Amish White Bread

  I got this recpie from a little old lady.  The best advice I can give is Knead! Knead! Knead! No such thing as too much kneading! And sift your flour. It seems to make the bread lighter.
   In a large bowl mix: 2 Cups  really warm (not hot) water
                                 2/3 Cup sugar
                 Sprinkle    1 1/2 TBS yeast on top. Stir litghtly to moisten.
                                Let Proof about 10 minutes.
                        Add:  1 1/2 TSP salt ( I prefer Kosher for baking)
                                 1/4 Cup Oil  (Not Olive Oil…it will taste funky)
                         Sift : 2 Cups flour
                                 2 TSP Baking Powder
                                Add to mix
                          Add about 3 more Cups of flour.
                              Knead on floured surface.
                  Knead!

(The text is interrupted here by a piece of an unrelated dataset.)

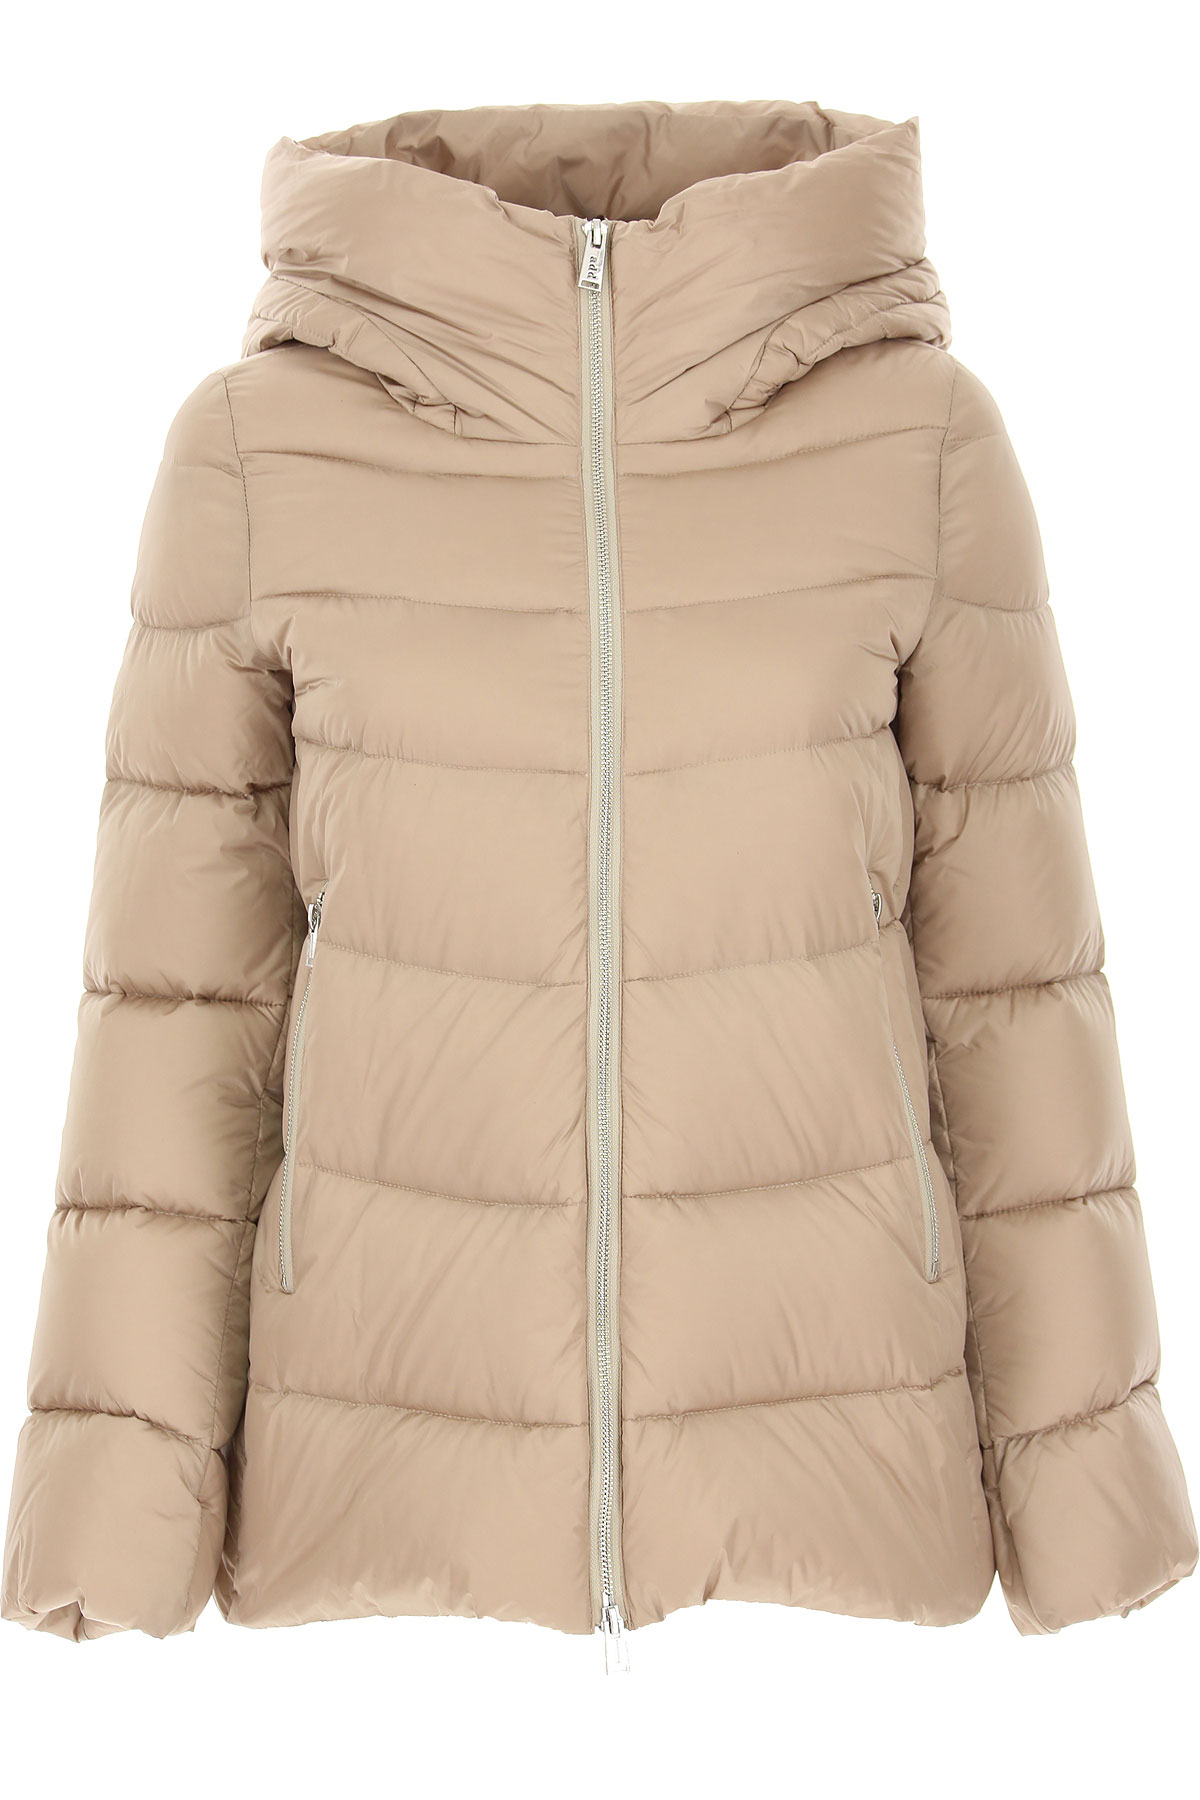 ADD Down Jacket for Women, Puffer Ski Jacket, Beige, polyamide, 2019, 4 6 8

Knead! Knead! About 10-15  minutes. It should be elastic and smooth. And will bounce back when you poke four finger in.
                   Separate into TWO balls. Coat very lightly with oil. ( I just rub some on my hands and then on the ball) Put in bowl and cover with a towel for about 10 minutes.
                     It is RESTING
                    Punch down and form into loaves. Put in greased loaf pans.
                           (you can either ‘form’ or roll with a pin.)
                        Bake 350 degrees 35 minutes.
                    Turn onto baking rack covered with a towel to cool. Butter the top and sides while still hot. This will keep the crust soft like store bought bread.